**PROVIDED MATERIAL:**
━━━━━━━━━━━━━━━━━━━━
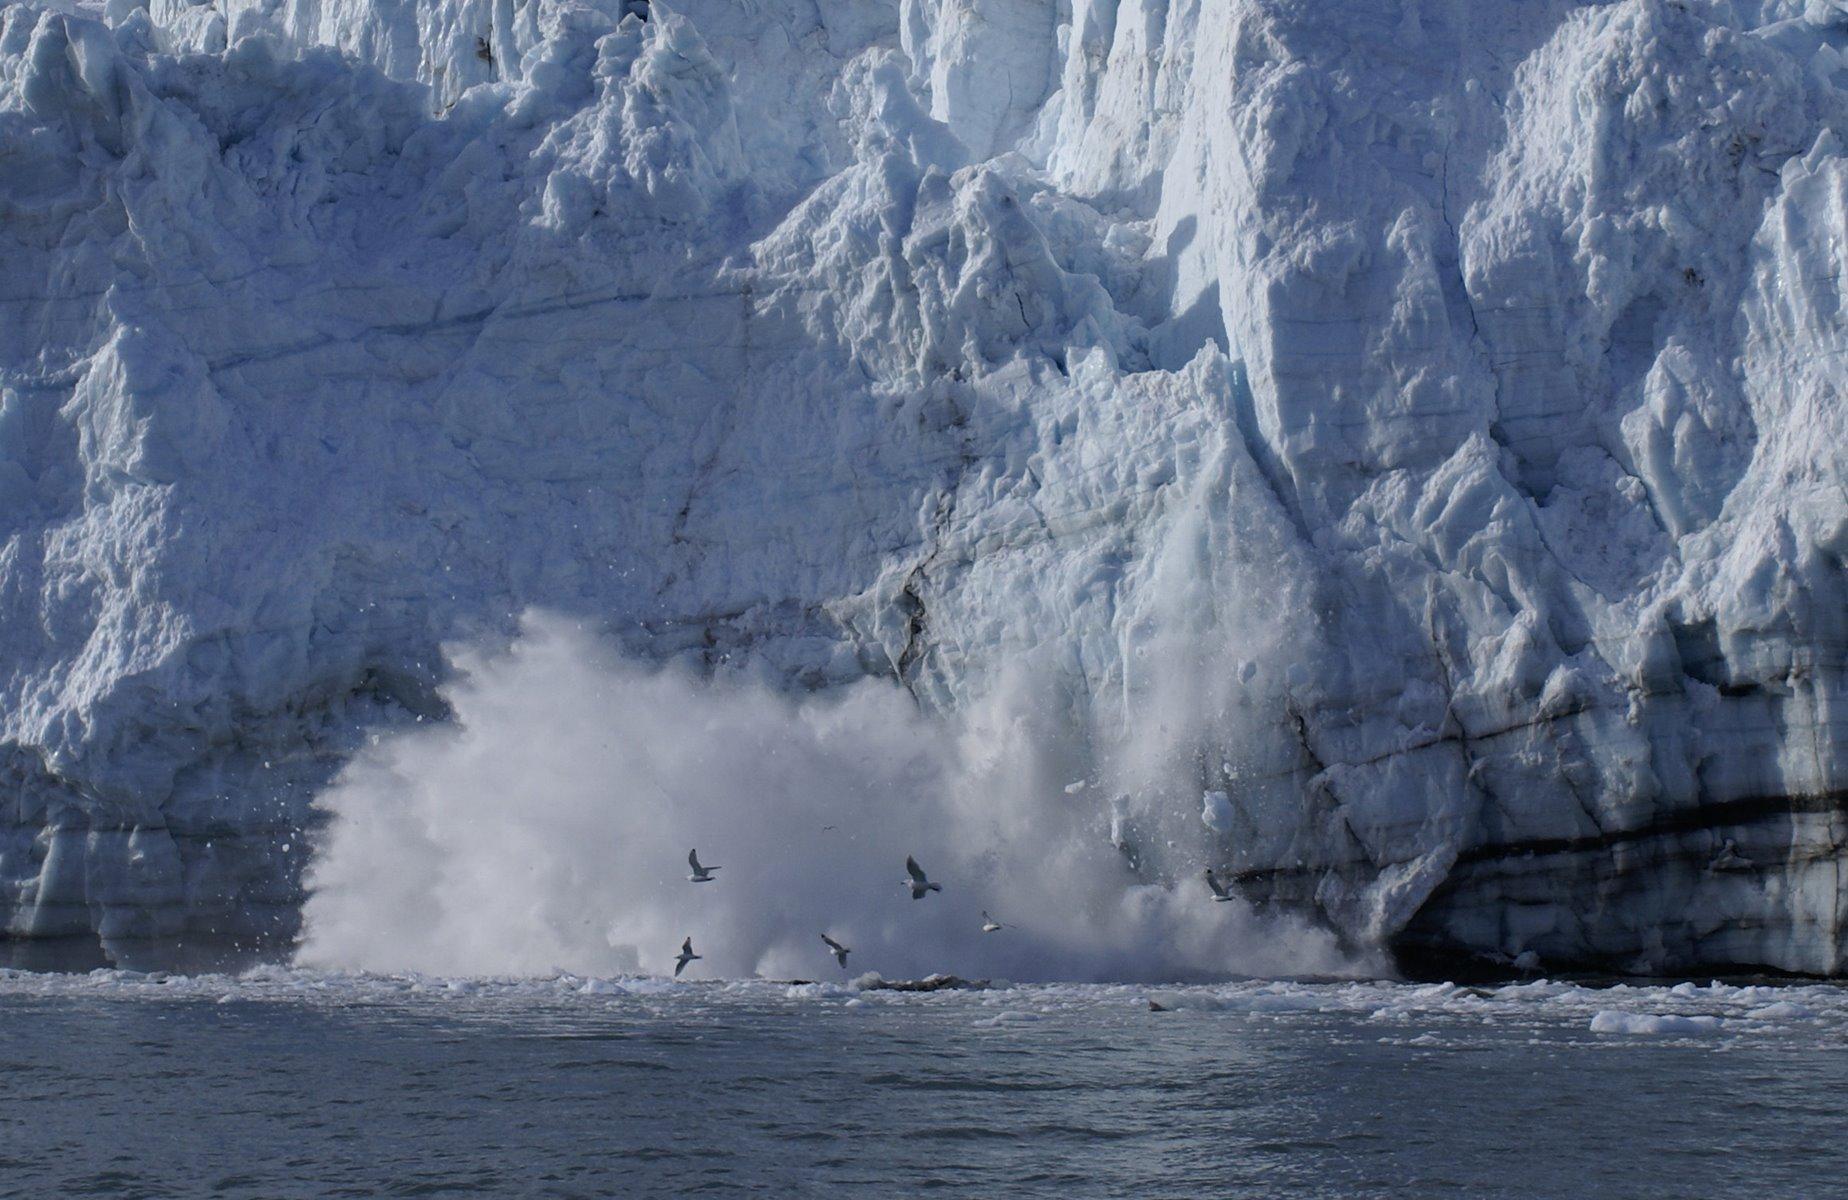 Calving glacier sequence, photo 7
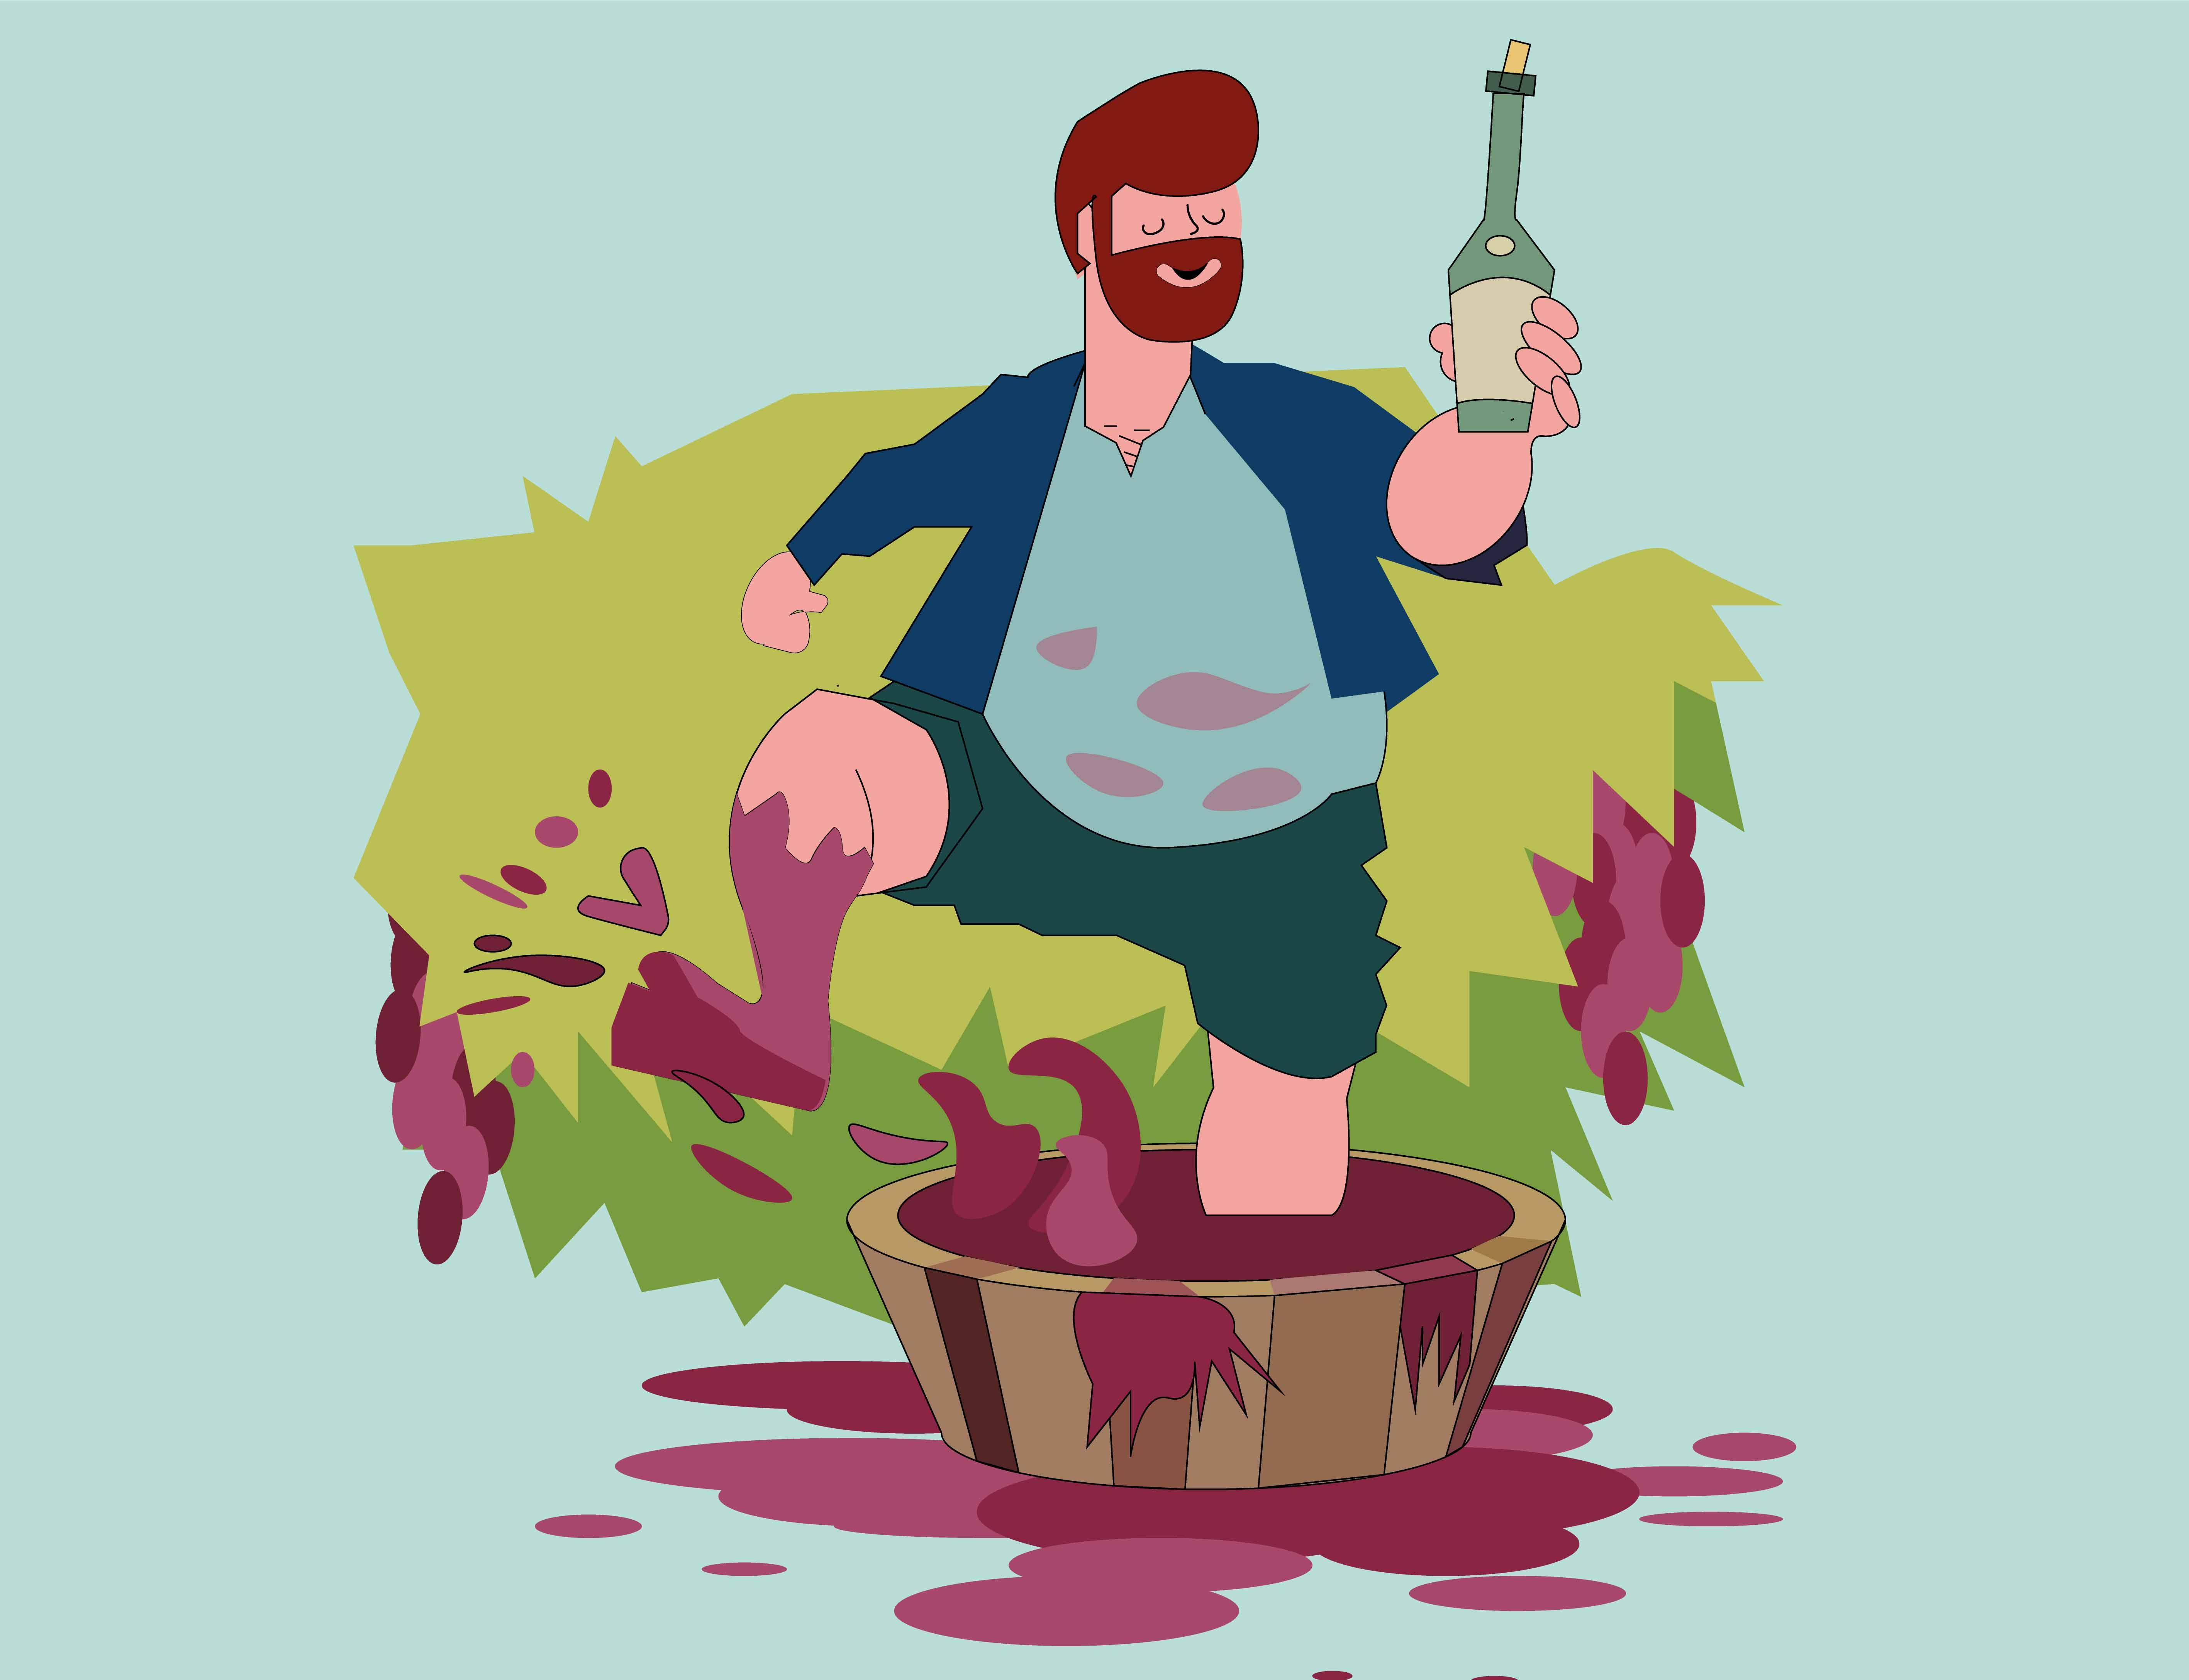 Le vin naturel, en avez-vous entendu parler ?
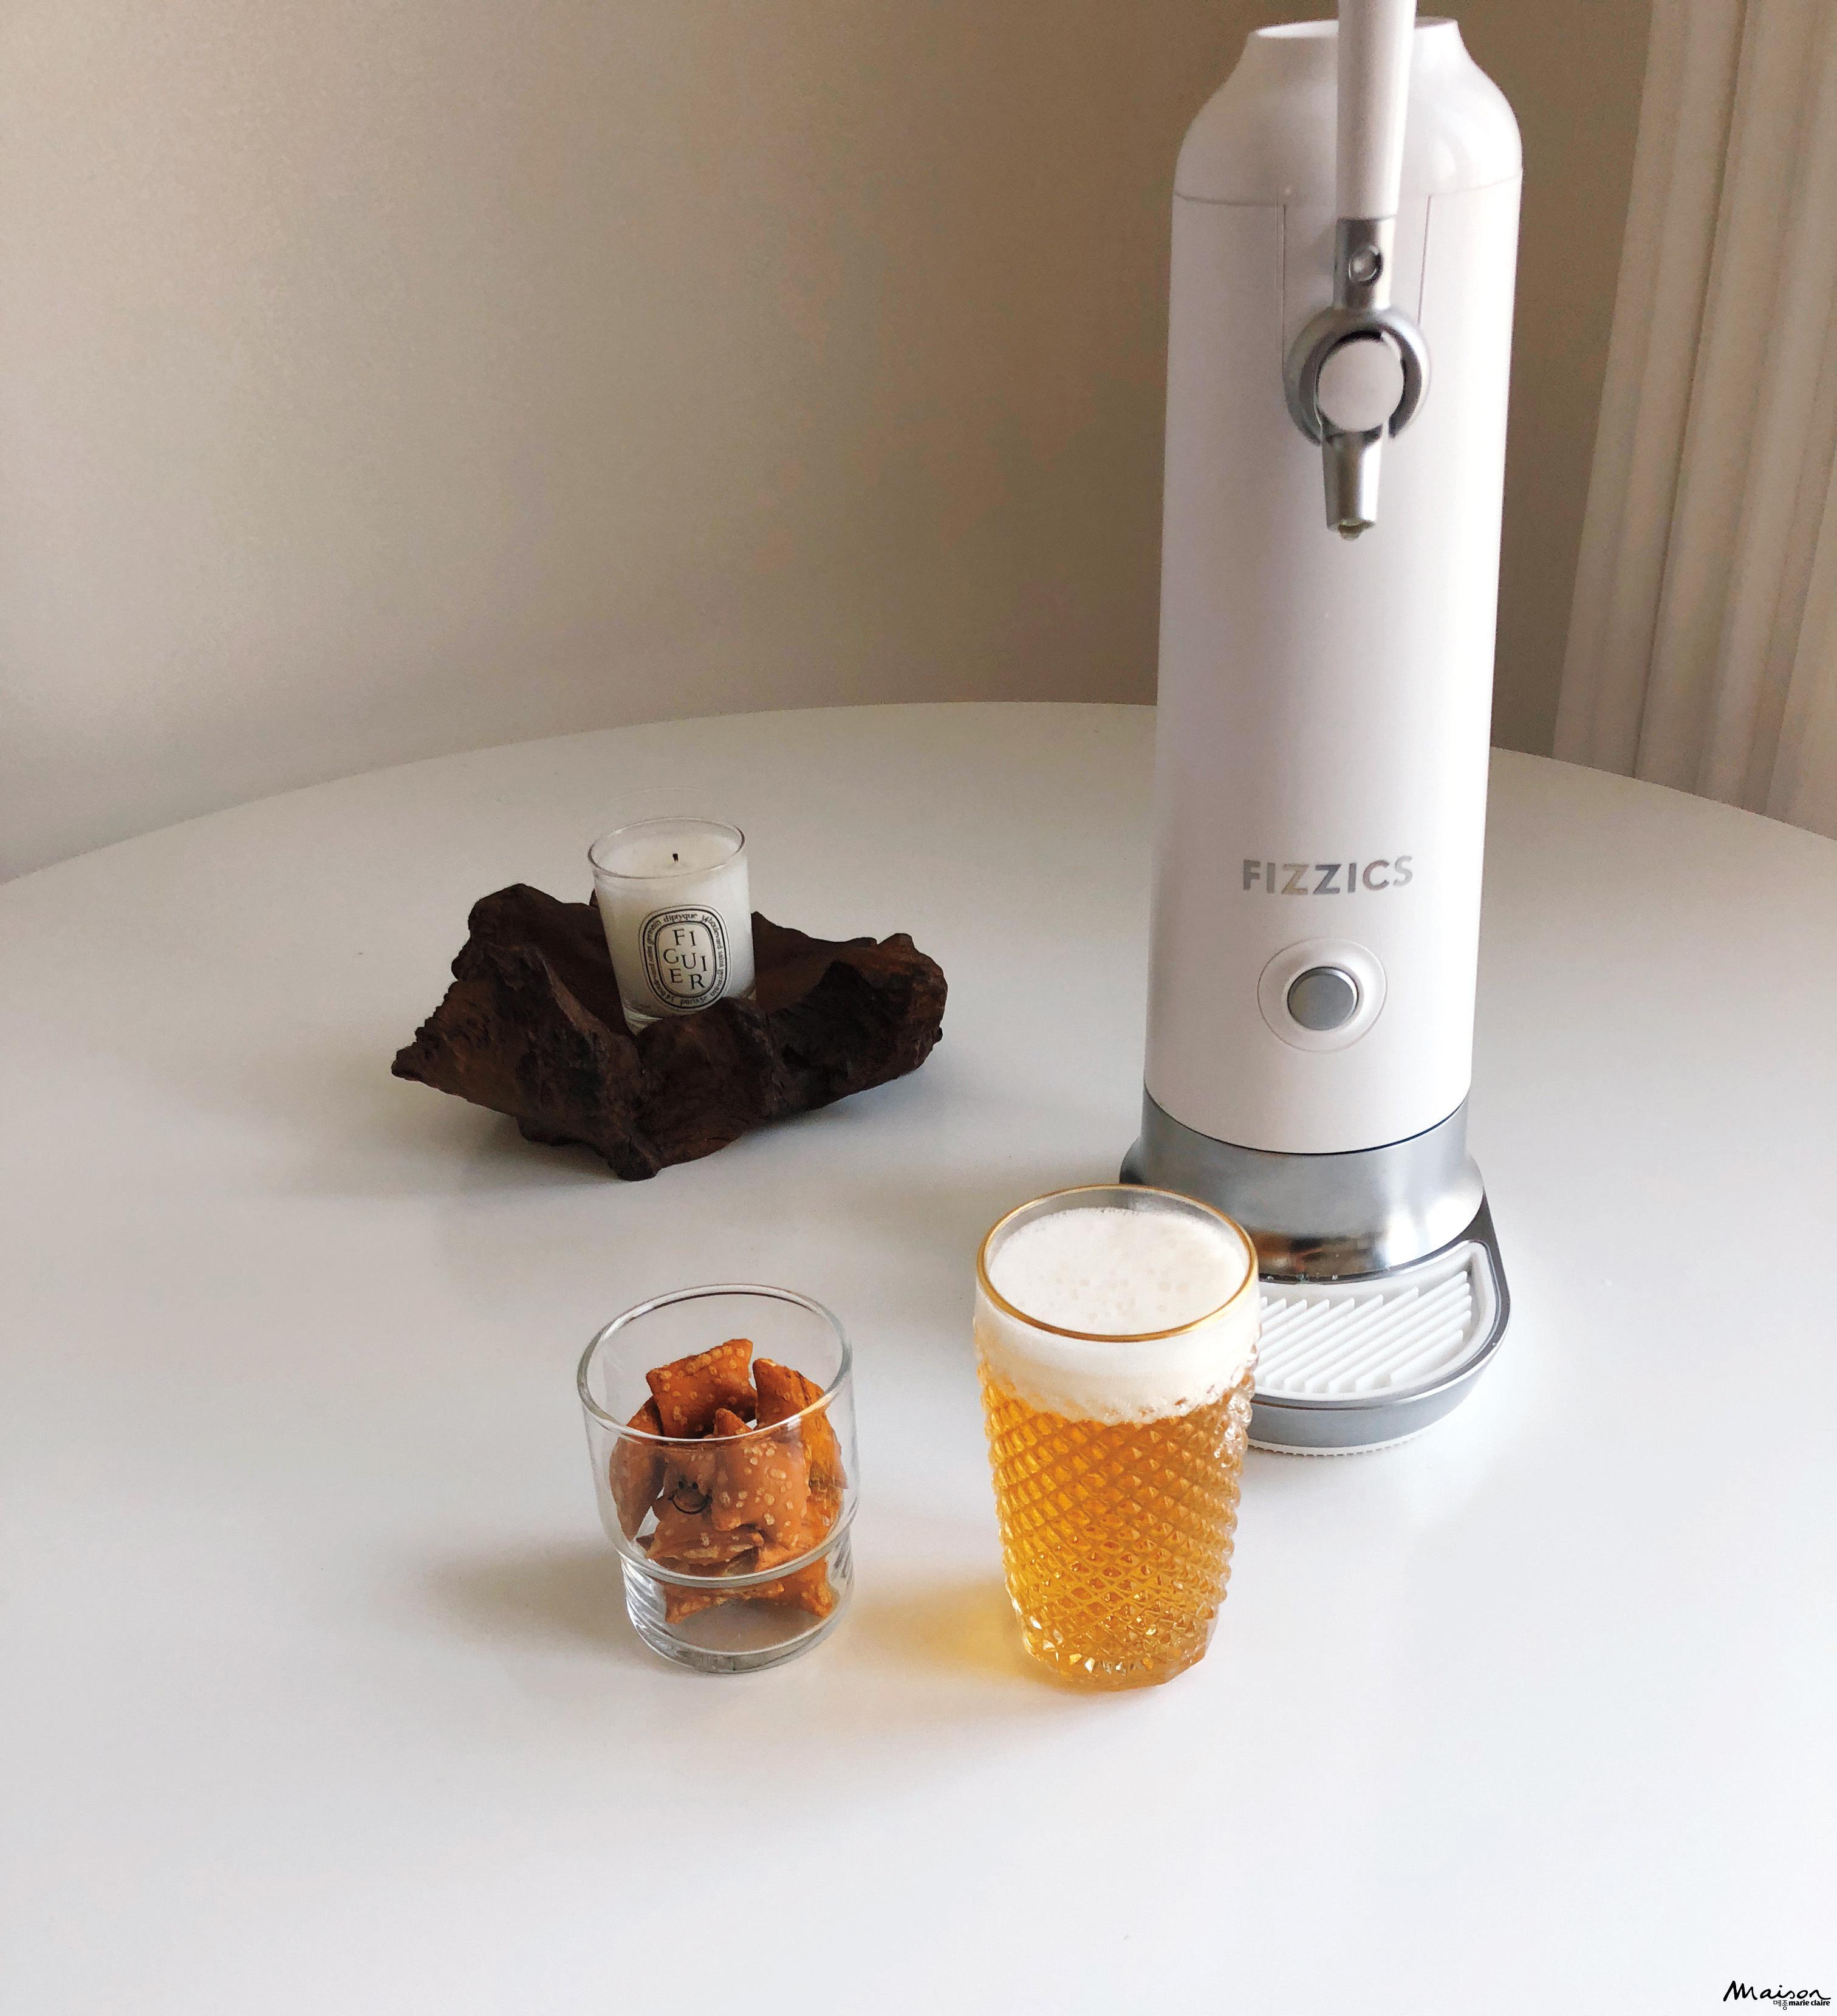 피직스 맥주 크림 제조기
━━━━━━━━━━━━━━━━━━━━
**WHAT IS EXPECTED:**
Pictures do not belong in the copy; repeat the rest of the listing exactly.

**RESULT:**
 Calving glacier sequence, photo 7
 Le vin naturel, en avez-vous entendu parler ?
 피직스 맥주 크림 제조기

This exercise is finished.